Supports SQLite, PostgreSQL, MySQL, and other SQLAlchemy-compatible databases.
- Parameters:
query – SQL query to execute.
connection_string – Database connection string. Examples: - SQLite: “sqlite:///database.db” - PostgreSQL: “postgresql://user:pass@host:port/db” - MySQL: “mysql+pymysql://user:pass@host:port/db”
params – Query parameters.
index_col – Column(s) to use as index.
parse_dates – Columns to parse as dates.
chunksize – Number of rows per chunk (for large datasets).
**kwargs – Additional arguments passed to pd.read_sql.
- Returns:
Loaded data.
- Return type:
pd.DataFrame or Iterator
Example
>>> df = load_sql("SELECT * FROM users", "sqlite:///app.db") >>> df = load_sql( ... "SELECT * FROM orders WHERE date > :date", ... "postgresql://user:pass@localhost:5432/shop", ... params={"date": "2023-01-01"} ... )
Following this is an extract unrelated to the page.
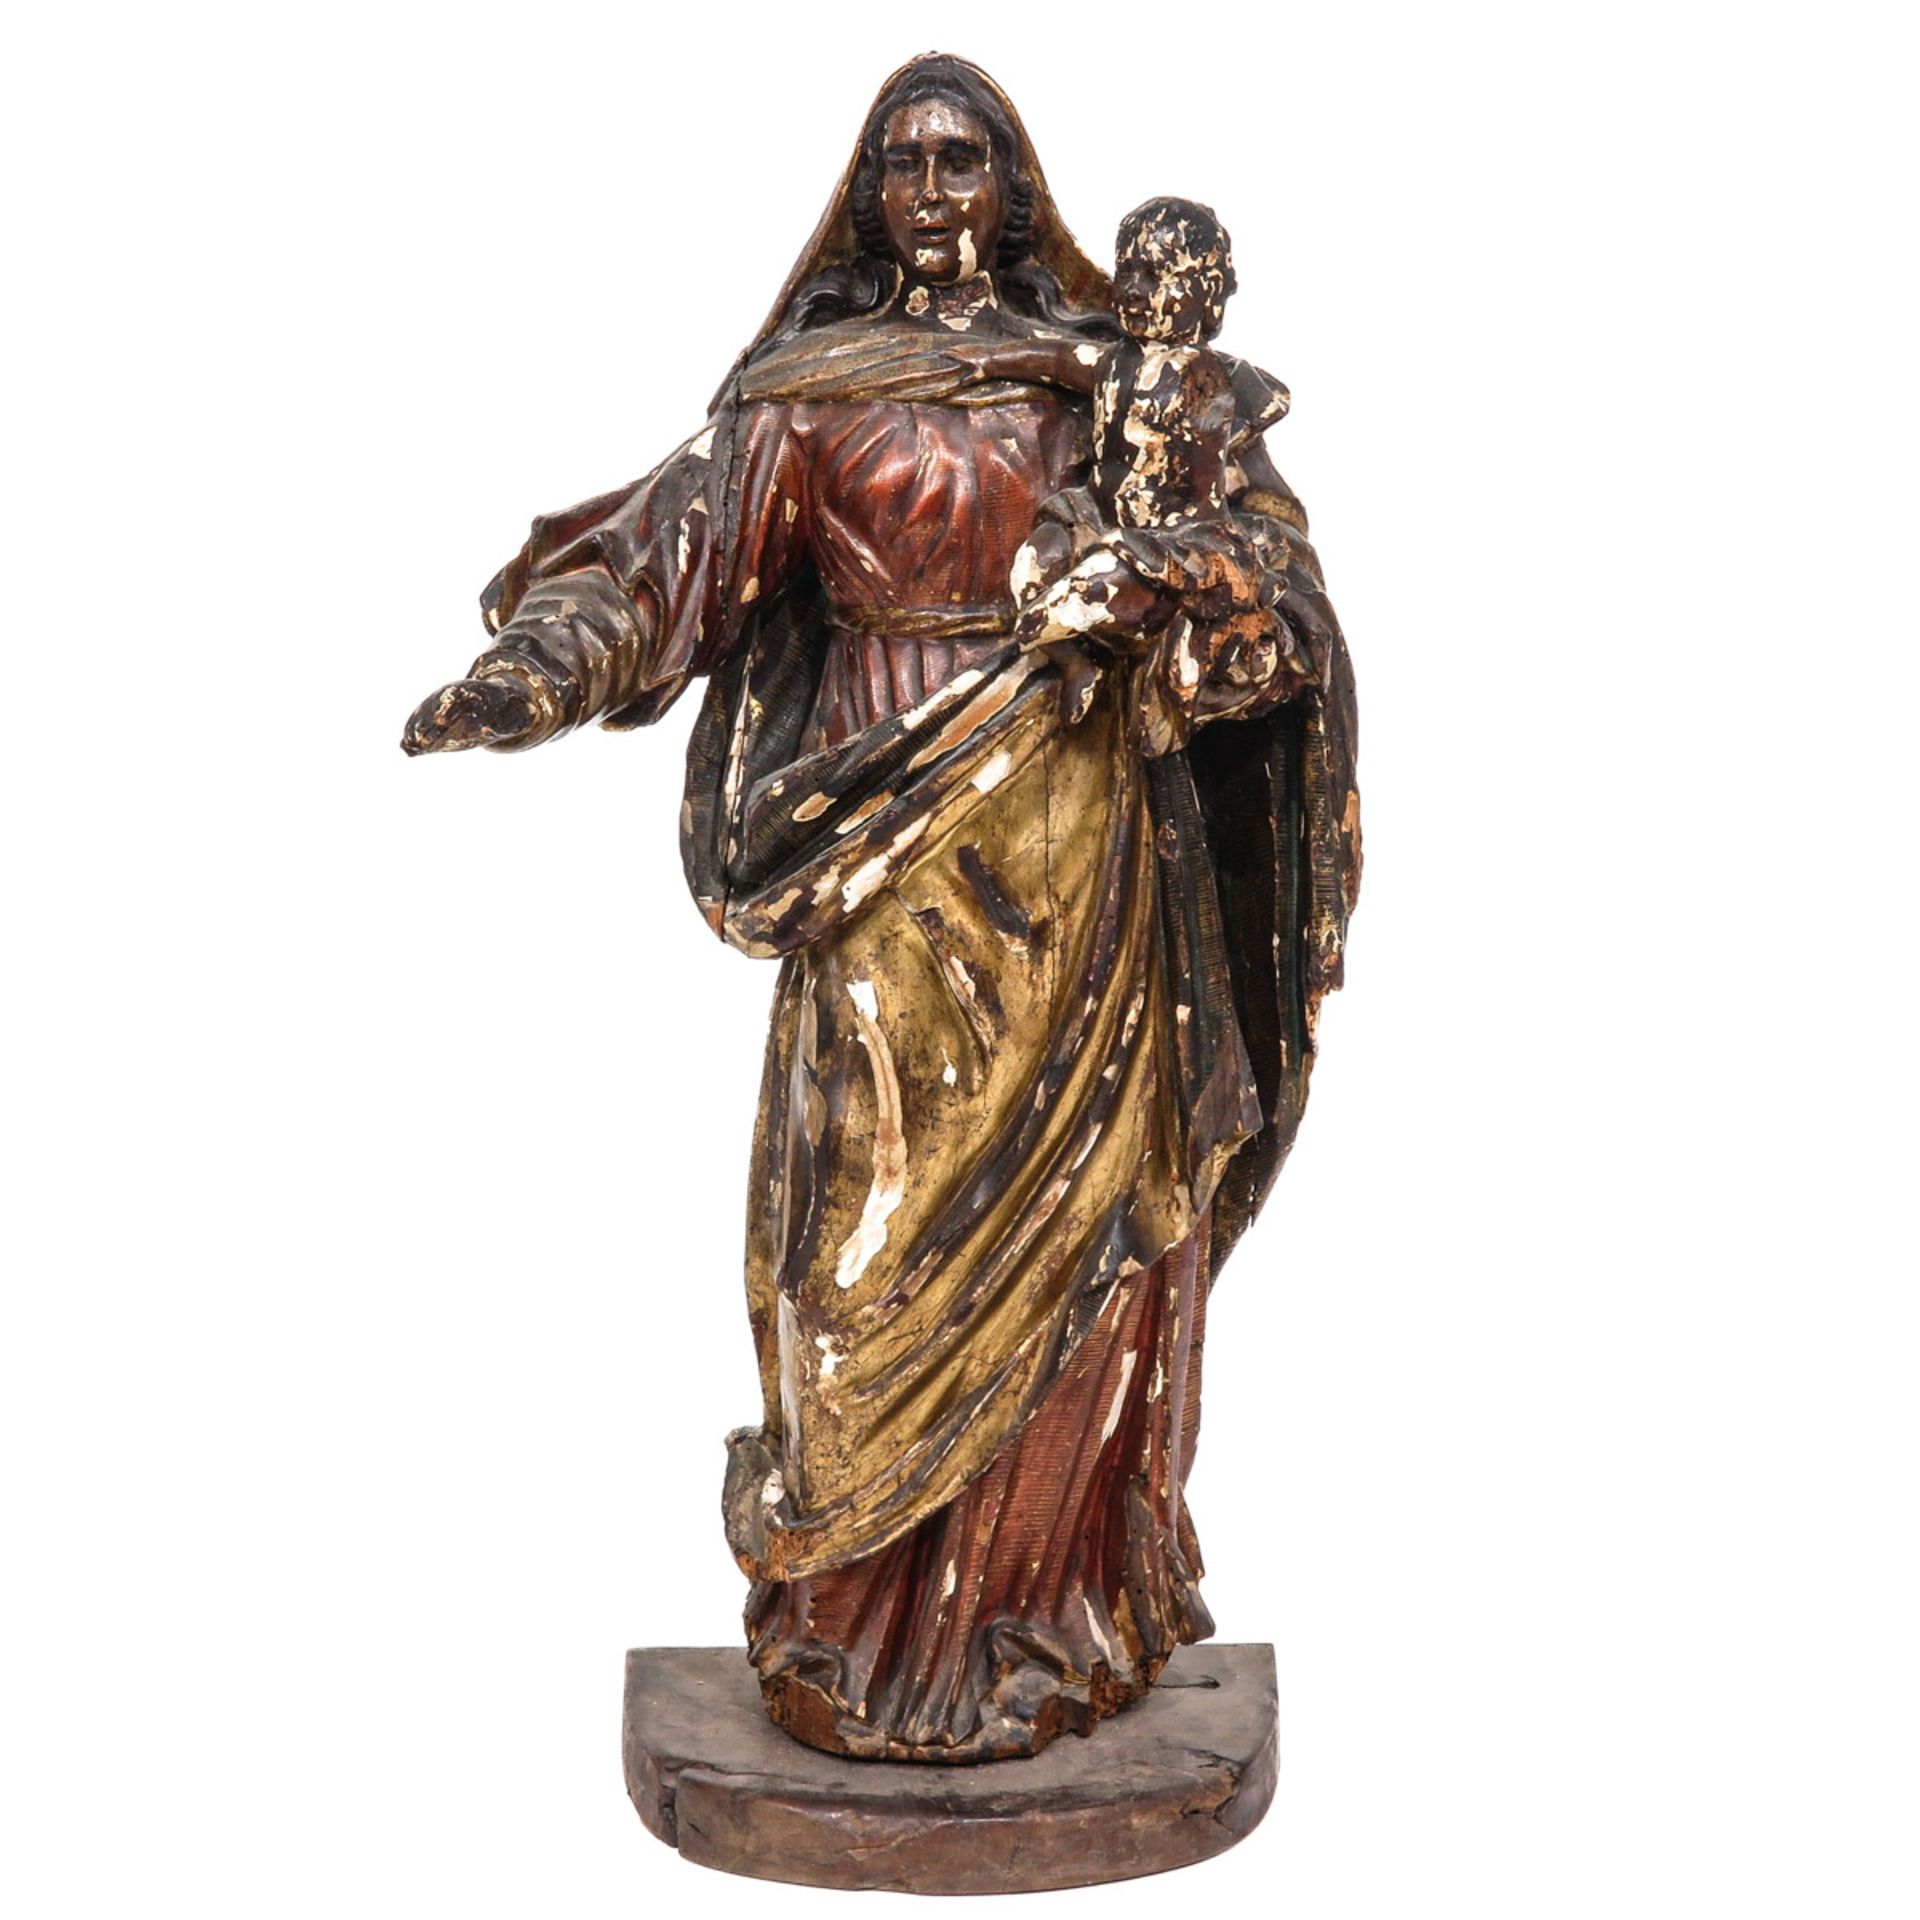 A Wood Sculpture of the Black Madonna

- adamops.data.loaders.load_sql_table(table_name: str, connection_string: str, schema: str | None = None, columns: List[str] | None = None, index_col: str | List[str] | None = None, chunksize: int | None = None, **kwargs) DataFrame[source]
Load an entire table from a SQL database.
- Parameters:
table_name – Name of the table to load.
connection_string – Database connection string.
schema – Database schema.
columns – Columns to load (None for all).
index_col – Column(s) to use as index.
chunksize – Number of rows per chunk.
**kwargs – Additional arguments.
- Returns:
Loaded data.
- Return type:
pd.DataFrame
- adamops.data.loaders.load_url(url: str, format: str = 'csv', params: Dict | None = None, headers: Dict | None = None, auth: tuple | None = None, timeout: int = 30, **kwargs) DataFrame[source]
Load data from a URL.
- Parameters:
url – URL to load data from.
format – Data format (‘csv’, ‘json’, ‘excel’).
params – Query parameters.
headers – HTTP headers.
auth – Authentication tuple (username, password).
timeout – Request timeout in seconds.
**kwargs – Additional arguments for the format loader.
- Returns:
Loaded data.
- Return type:
pd.DataFrame
Example
>>> df = load_url("https://example.com/data.csv") >>> df = load_url( ... "https://api.example.com/data", ... format="json", ... headers={"Authorization": "Bearer token"} ... )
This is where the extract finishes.